In this example, we're creating a helpful assistant that provides clear, concise answers. You can customize this to create agents for specific purposes:
- A coding tutor: "You are a patient programming instructor..."
- A data analyst: "You are a data science expert who explains findings clearly..."
- A creative writer: "You are a creative writing assistant with a playful style..."
Pro tip: The system prompt is one of the most powerful ways to control agent behavior. Small changes can lead to very different outputs!
agent = create_agent(
model=model,
system_prompt="You are a helpful AI assistant that provides clear and concise answers."
)
Test Agent¶
Let's test our agent! When you call the agent with a question, here's what happens behind the scenes:
- Your question is sent to the language model along with the system prompt
- The model processes both the system prompt (defining the agent's role) and your question
- The model generates a response based on its training and the context provided
- The response is returned to you
Try running the cell below. Notice how the agent:
- Provides a clear, structured answer
- Uses the style defined in the system prompt ("clear and concise")
- Can handle complex topics and break them down
Try modifying the question to see how the agent adapts to different types of queries. You can ask about:
- Technical concepts
- General knowledge
- Problem-solving scenarios
What's happening? The agent doesn't have any tools yet—it's just using the language model's knowledge. In the next tutorial, we'll add tools that let the agent perform actions beyond just generating text.
response = agent.invoke({"messages": [HumanMessage("What is machine learning?")]})

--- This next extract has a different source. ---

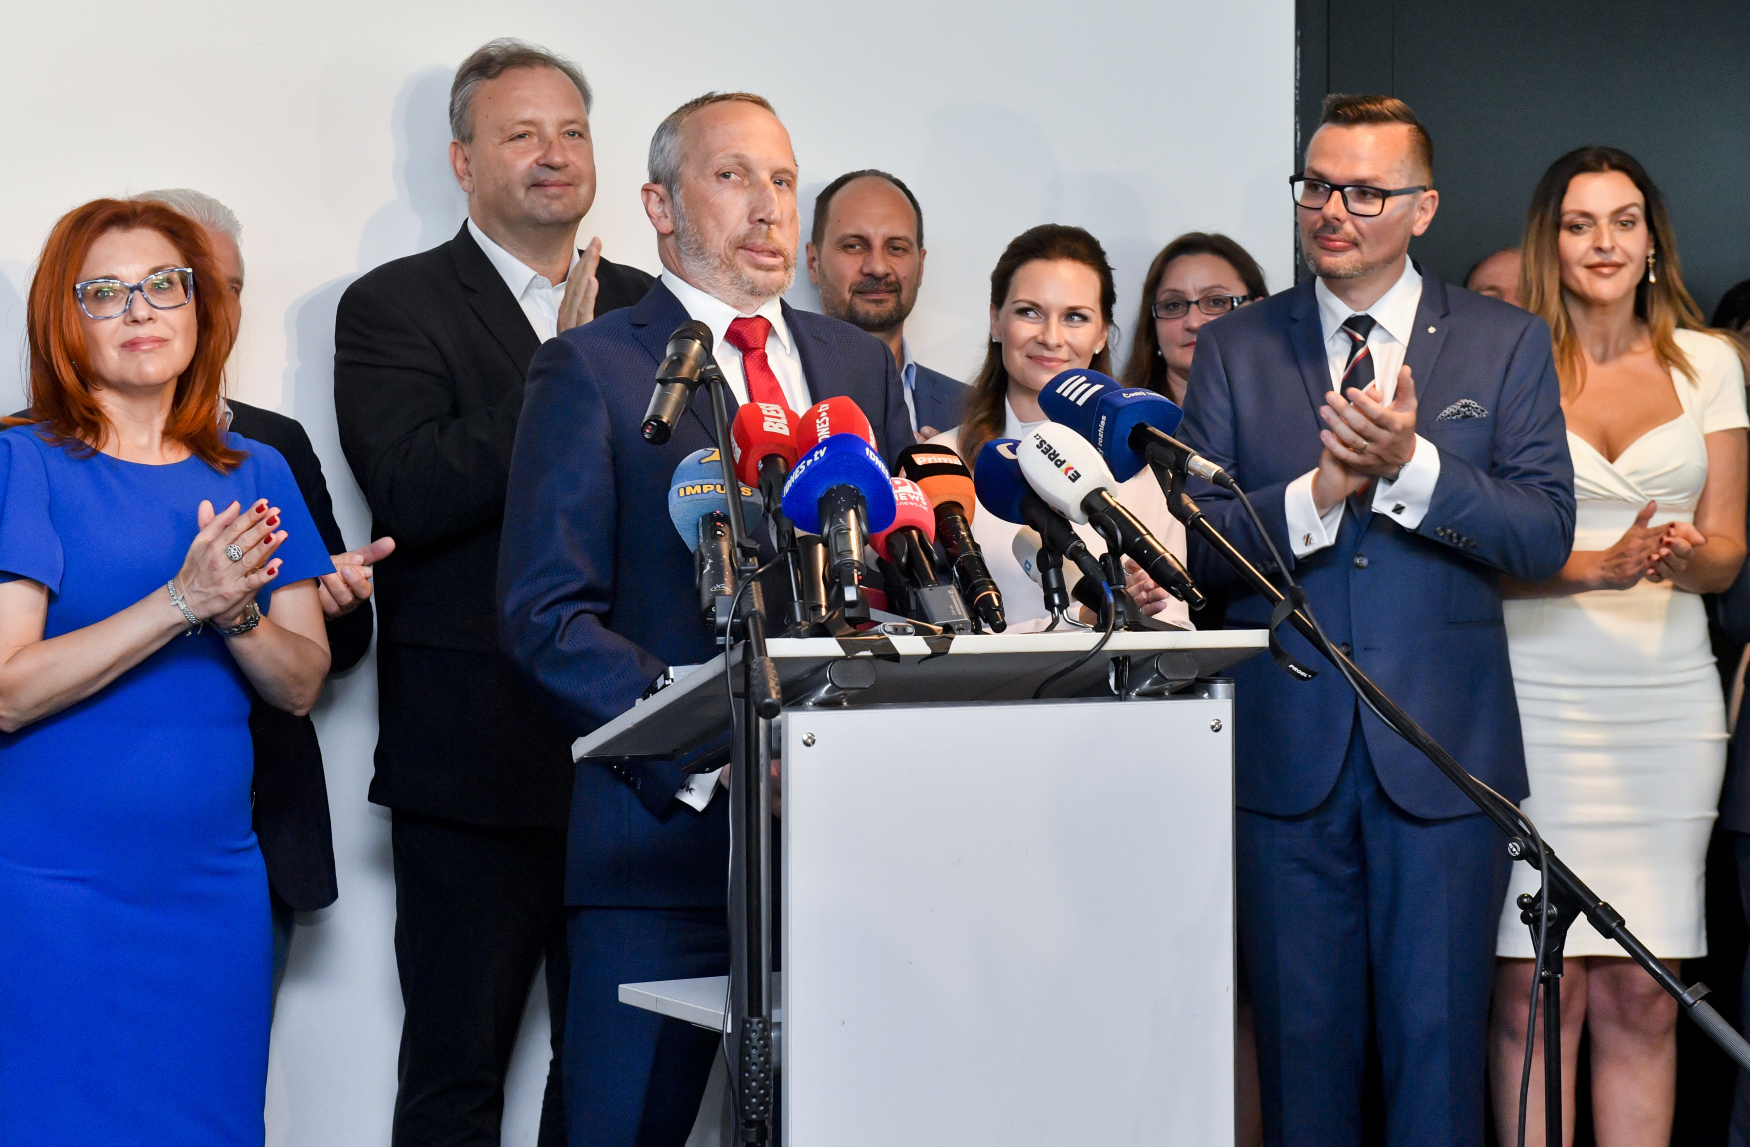 Bývalý poslanec ODS Václav Klaus mladší (třetí zleva) představil svou novou politickou stranu Trikolóra - hnutí občanů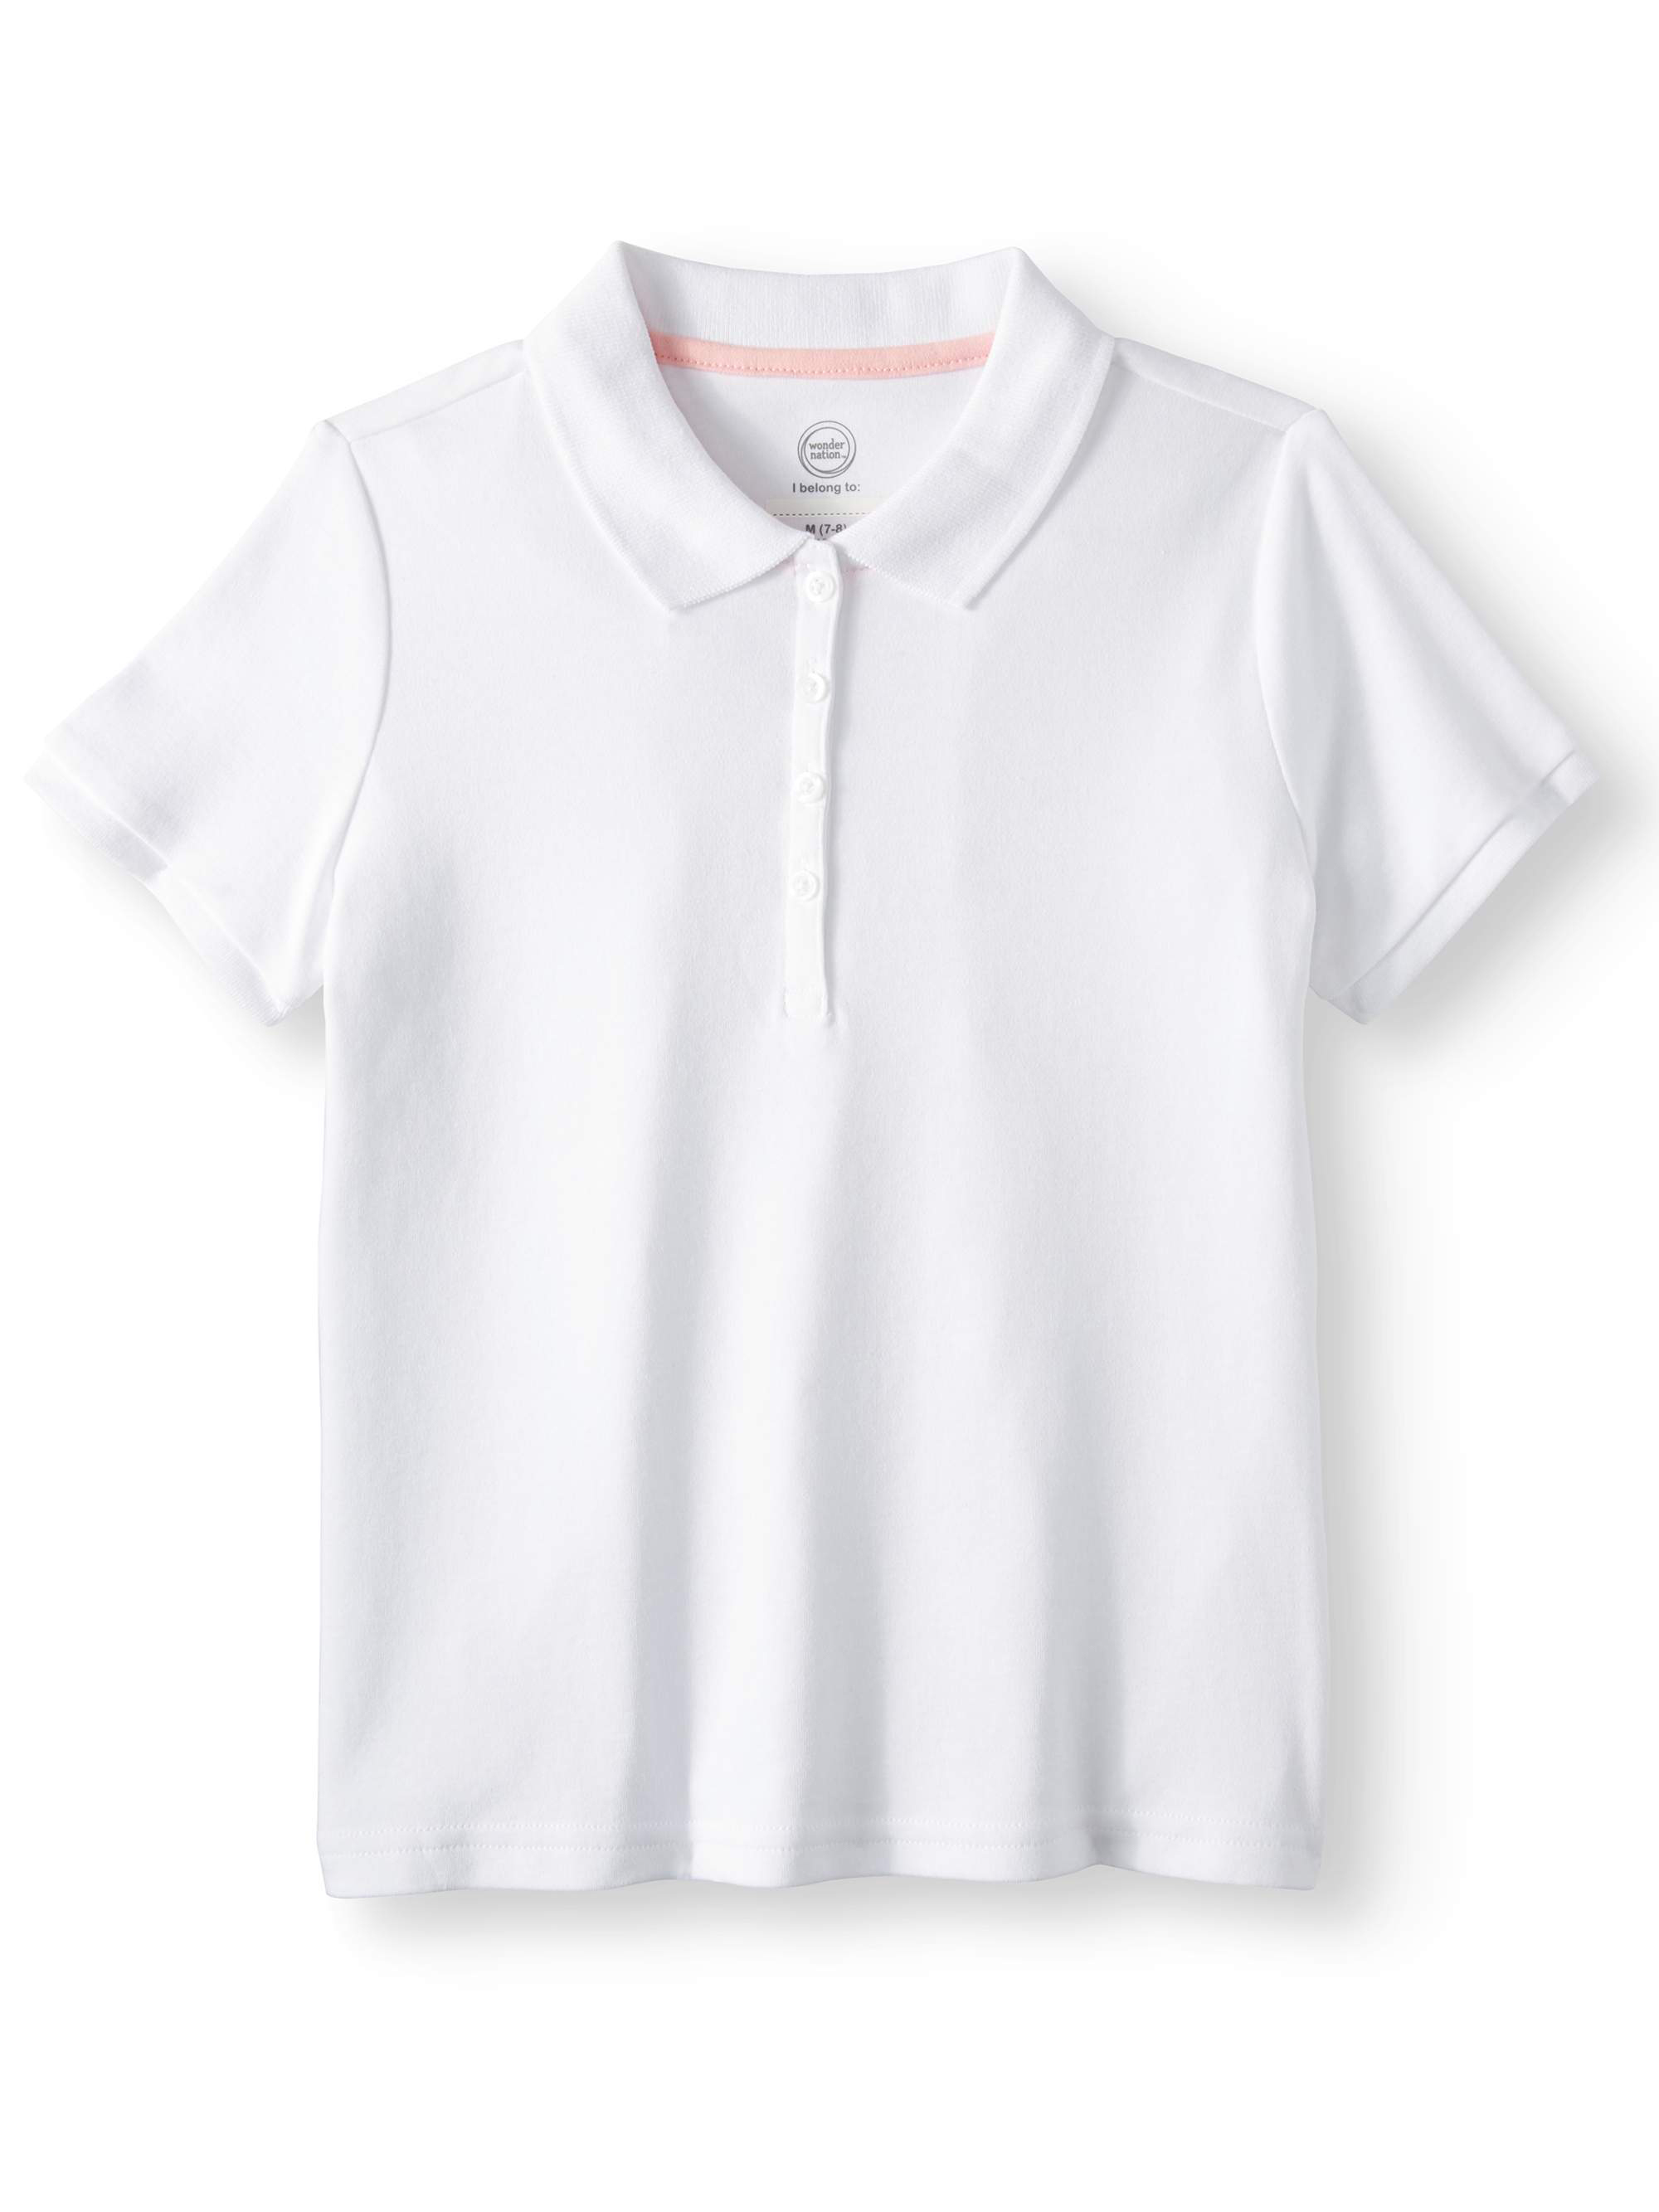 Wonder Nation Girls School Uniform Short Sleeve Interlock Polo Shirt, 2-Pack Value Bundle, Sizes 4-18 - image 4 of 8

print(response["messages"][-1].content)
What You've Learned¶
Congratulations! You've created your first AI agent. Here's what we covered:
✅ What agents are - Systems that perceive, reason, and act
✅ How to set up - Connecting to language models via OpenRouter
✅ How to create an agent - Using the create_agent function with a model and system prompt
✅ How to test - Interacting with your agent and getting responses
Key Takeaways¶
- System prompts matter - They define your agent's personality and behavior
- Agents are flexible - The same agent can handle different types of questions
- Foundation is important - Understanding these basics prepares you for more advanced features
Next Steps¶
Now that you have a working agent, you're ready to:
- Add tools (Tutorial 02) - Give your agent the ability to perform actions like calculations, API calls, or data processing
- Create multi-agent systems (Tutorial 03) - Combine specialized agents that work together
- Manage resources (Tutorial 04) - Track token usage and costs
Experiment¶
Try modifying the system prompt to see how it changes the agent's behavior:
- Make it more formal or casual
- Change the role (e.g., "You are a technical expert..." vs "You are a friendly teacher...")
- Add specific instructions about format or style
The more you experiment, the better you'll understand how to craft effective agents!